- _PROBLEM REQUIREMENTS_: Take the lines from the one with "Blood Orange PLUG BARREL - ORANGE 89a" through the end of the material below and repeat them exactly, dropping every picture.

- _DATA_:
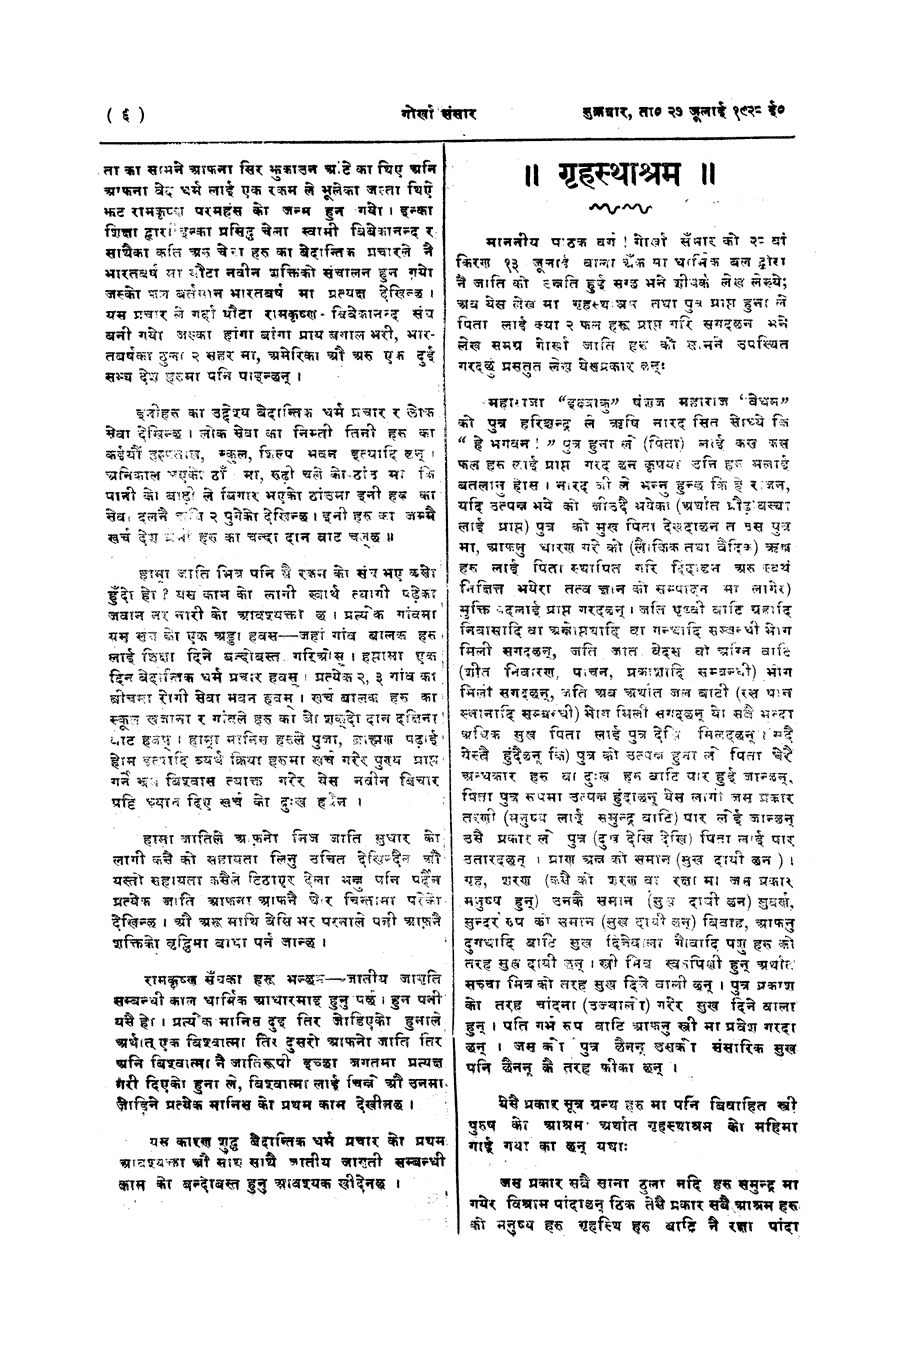 Gorkha Sansar, 27 July 1928, page 6
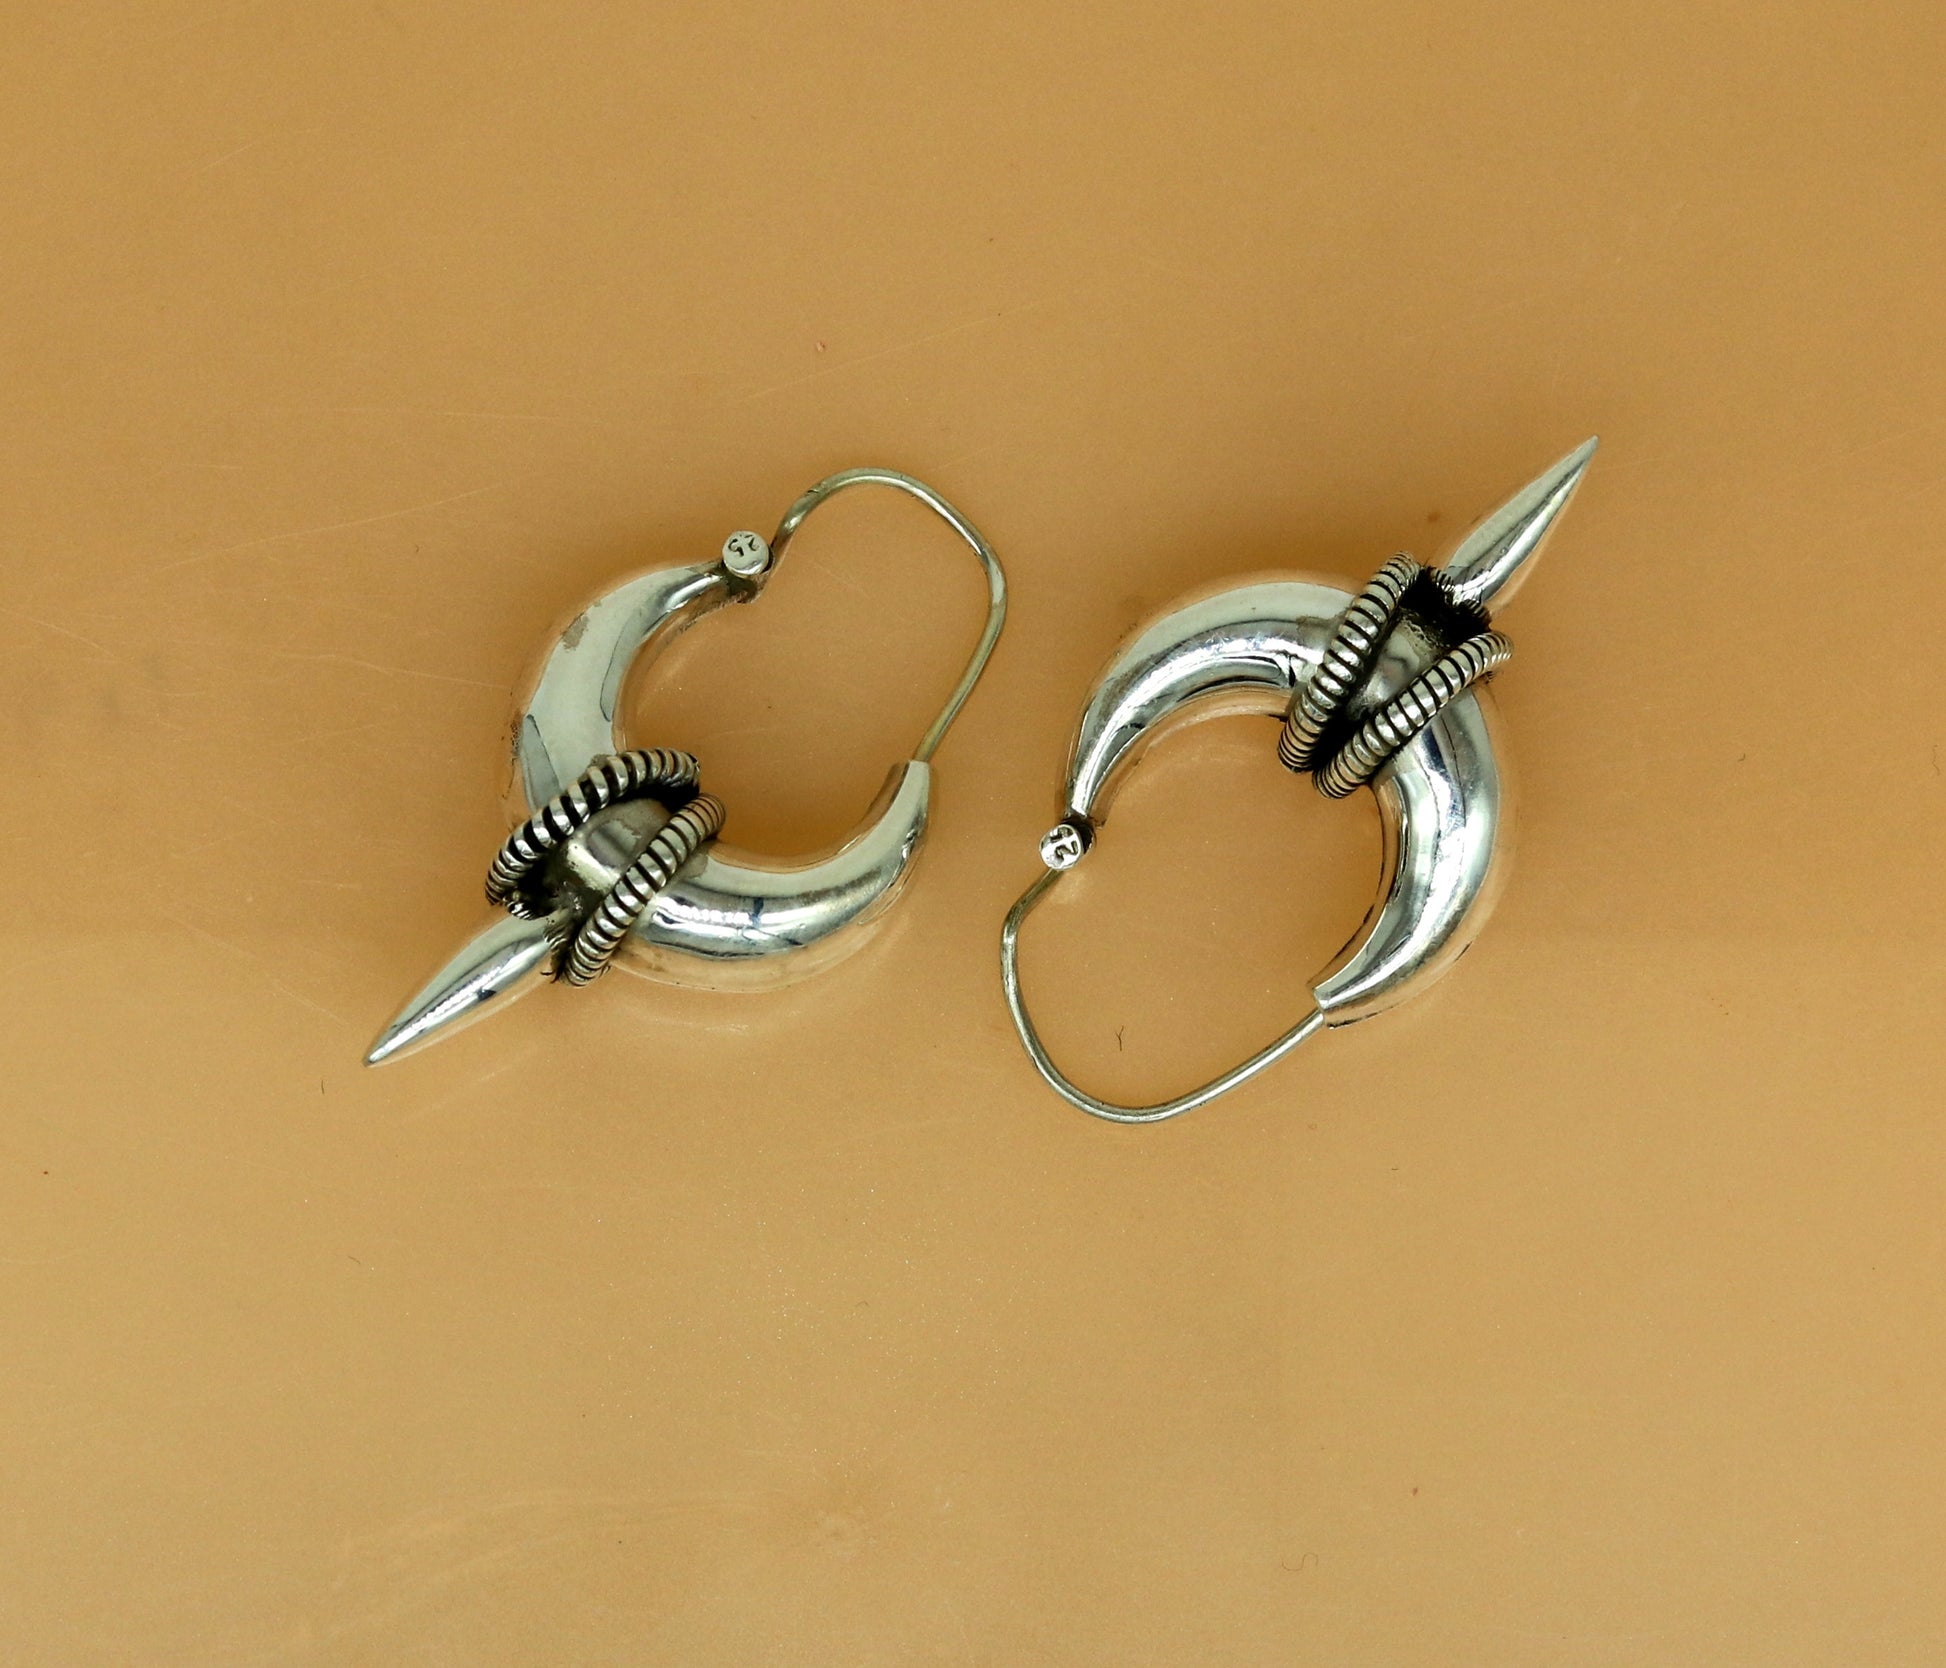 Pure 925 sterling Handmade silver jewelry, fabulous vintage stylish customized hoops earrings bali tribal ethnic personalized jewelry ske6 - TRIBAL ORNAMENTS
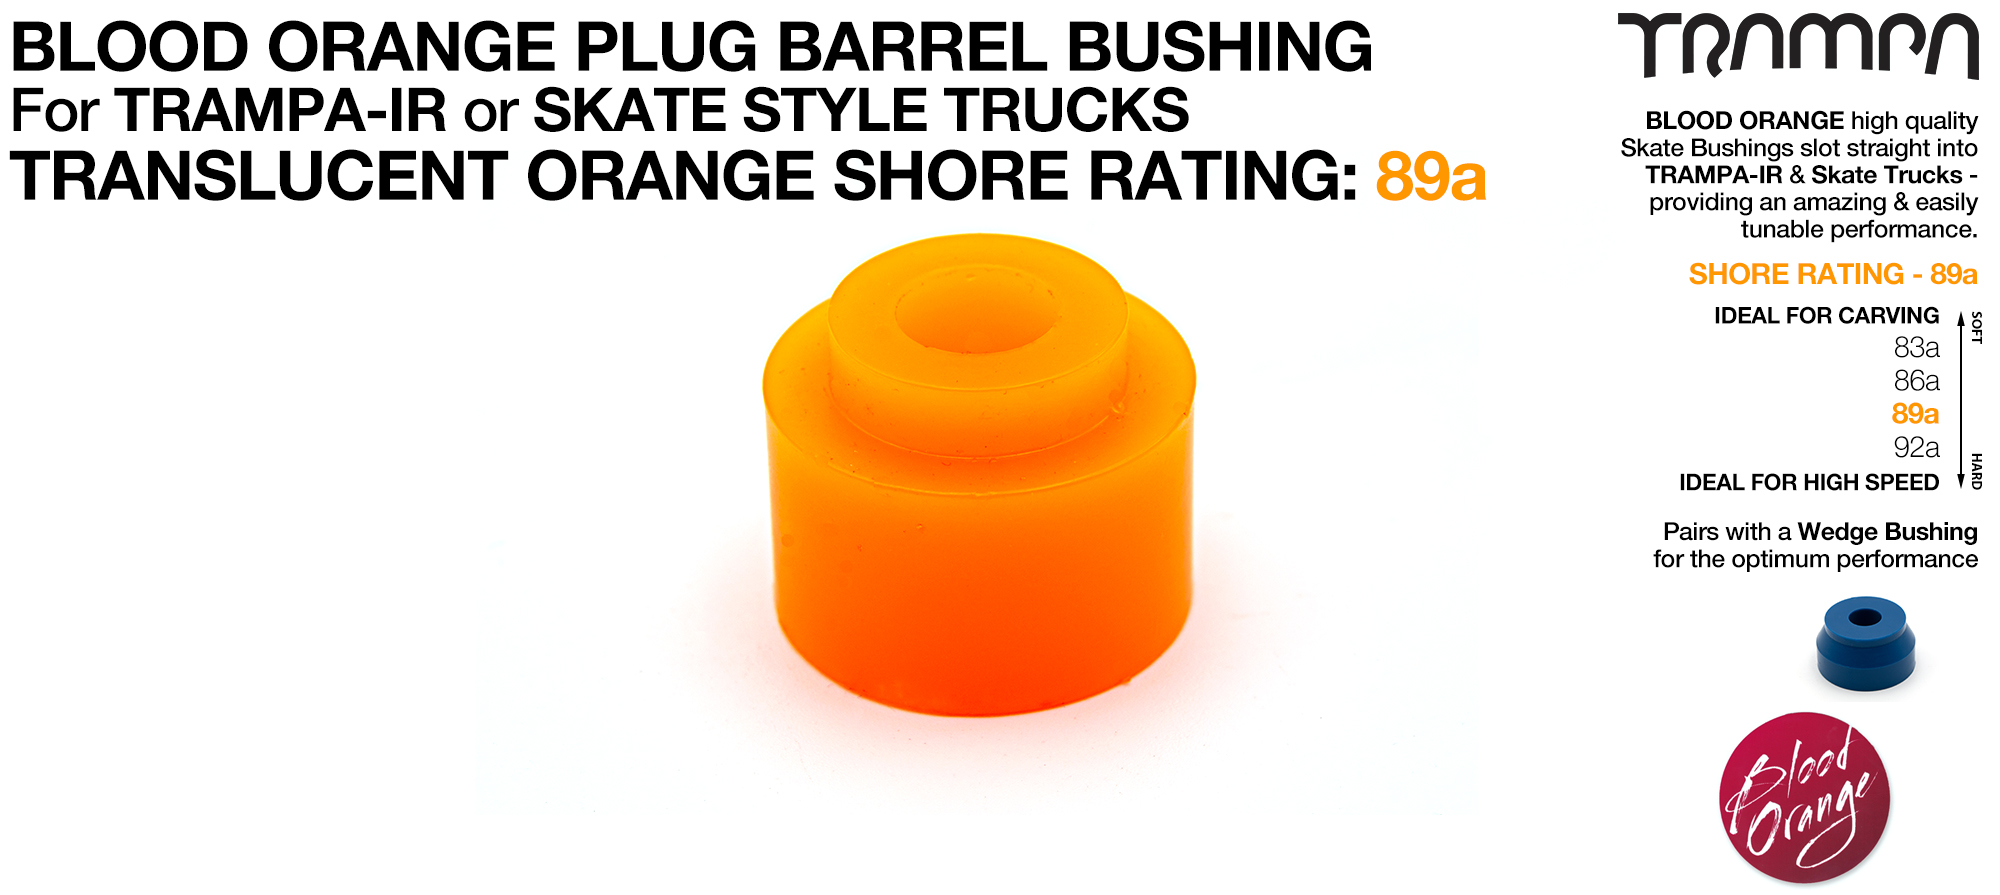 Blood Orange PLUG BARREL - ORANGE 89a
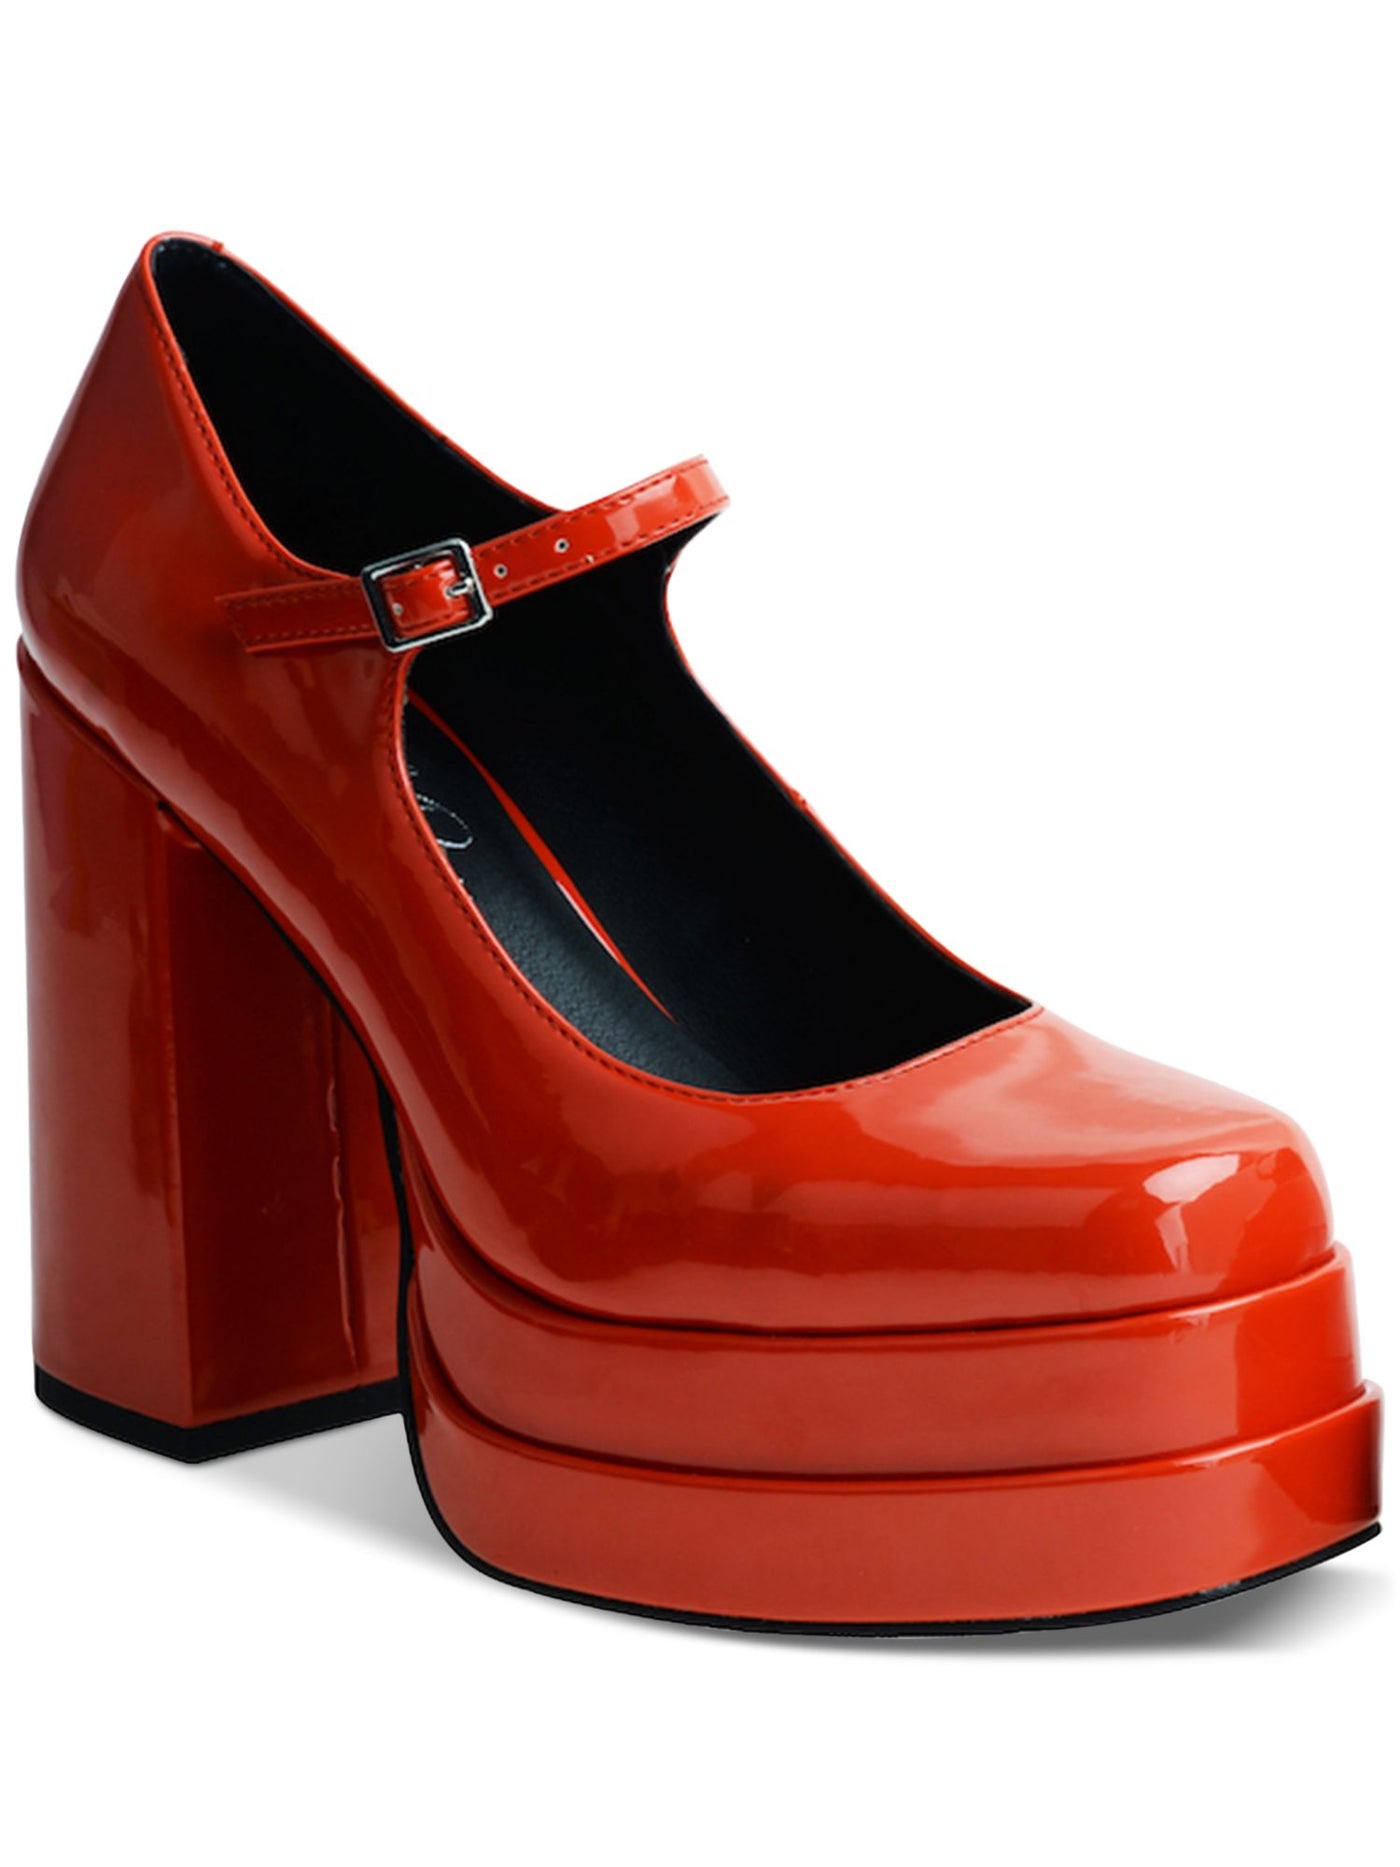 WILD PAIR Womens Red 1-1/2" Platform Adjustable Octavia Square Toe Block Heel Buckle Dress Pumps Shoes 7.5 M

- _REPLY TO THE EXERCISE_:
 Blood Orange PLUG BARREL - ORANGE 89a
 WILD PAIR Womens Red 1-1/2" Platform Adjustable Octavia Square Toe Block Heel Buckle Dress Pumps Shoes 7.5 M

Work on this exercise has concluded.